Nepali Times
Editorial
Seeing forests (and trees)


You don't need to be a genius to figure out that Nepal's democracy is having a difficult adolescence. We can't really blame the government because we haven't had a government for a while. A festering labour dispute in the hotel industry that could be easily resolved is threatening the national economy. A Maoist insurgency that feeds on decades of neglect and apathy by successive rulers endangers democracy and the constitutional monarchy. Parliament, which should be passing bills, has been paralysed for three weeks.

It is difficult to find things that are going right. But one of the most visible success stories of the past ten years has been the spread of community forests throughout the midhills of Nepal. It is success on such a grand scale that the increase in the chlorophyll content of the vegetation is now visible from outer space. Comparing Landsat images of Nepal taken 15 years ago with those taken in 2000 show new red splotches-indicating greater canopy cover. There is as much as 15 percent more forest today than there was in 1978. At that time, for instance, only 10 percent of Kabhre Palanchok District east of Kathmandu was forest. By 1998 this had gone up to 35 percent. (High mountain forests and tarai forests are not doing as well, and show declines.)

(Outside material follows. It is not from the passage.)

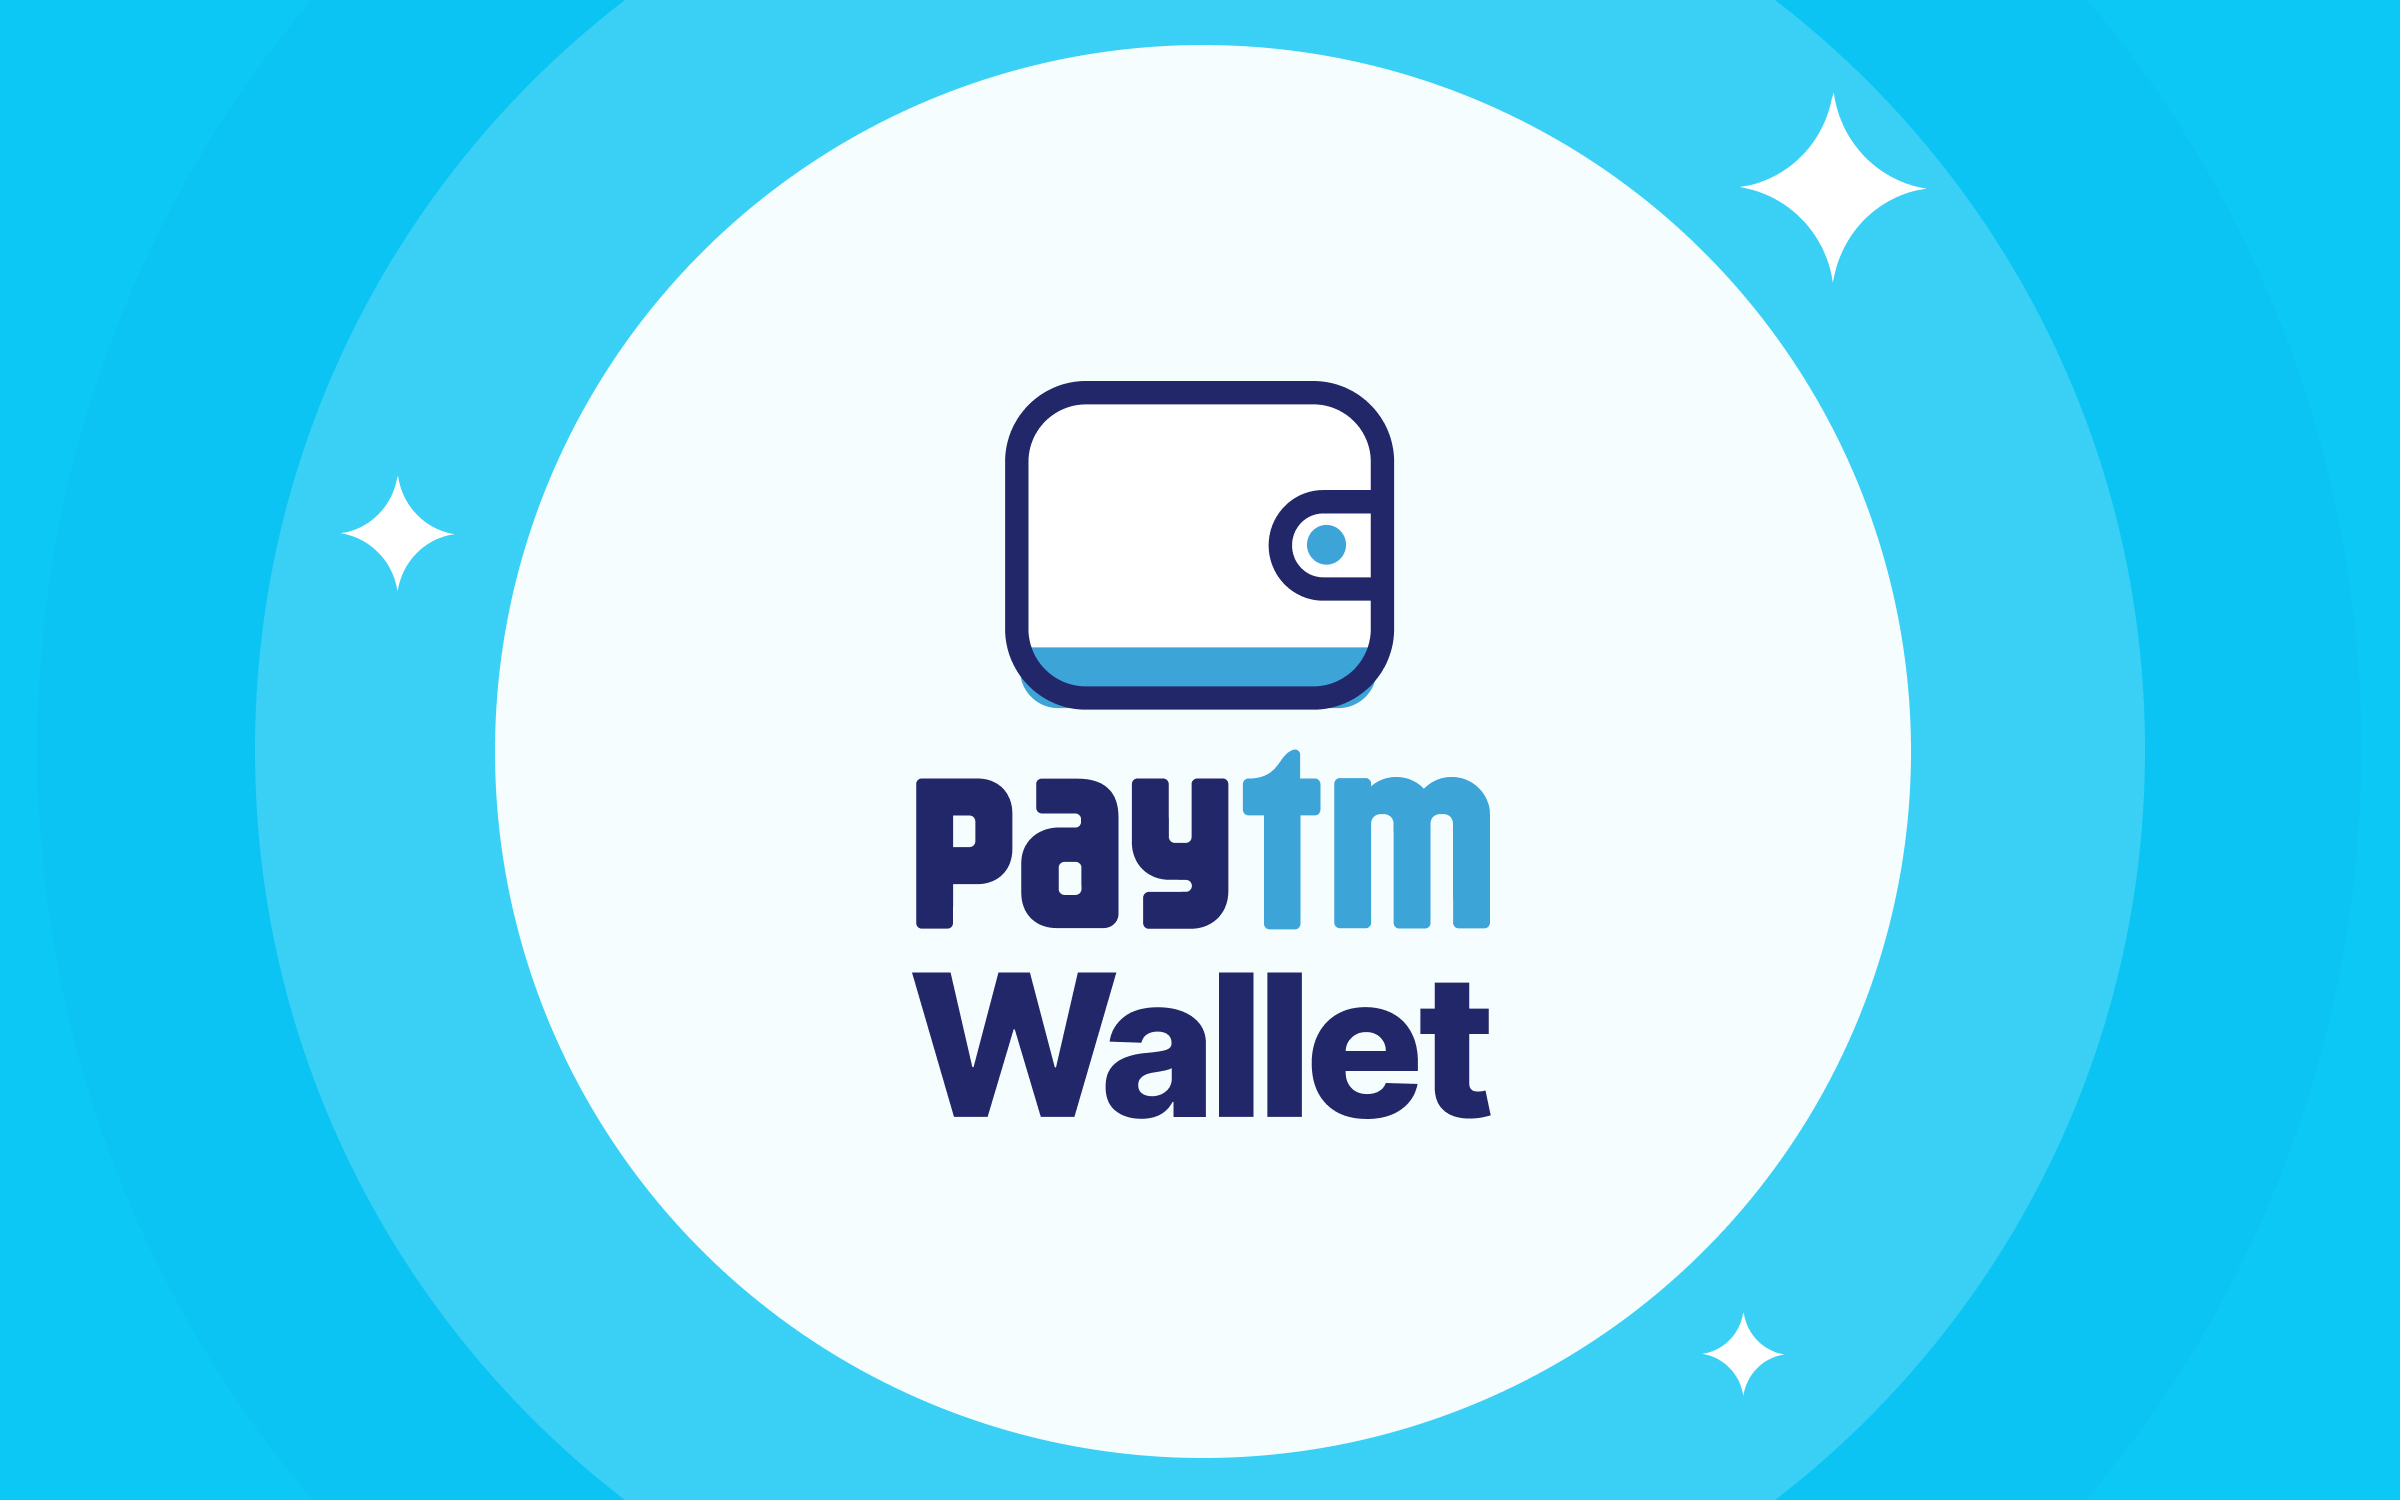 Paytm Payments Bank on X: "We are excited to announce that Paytm Wallet  will soon be universally acceptable on all UPI QRs and online merchants. We  welcome @NPCI_NPCI interoperability guidelines that allow

Kabhre and Sindhupalchok are districts that pioneered community forestry and showed us all what could be achieved through local motivation, devolved decision-making, and transferring ownership and control of natural resources to the village level through true decentralisation and grassroots democracy. Replicated throughout the midhills, Nepal's community forestry programme today covers more than half the nation's forests and has become a showcase for neighbouring South Asian countries. If there is one group of unsung heroes that deserve the next Right Livelihood Award, it will be the thousands of village chairmen, forestry user groups and women's organisations that manage and protect woods across the land.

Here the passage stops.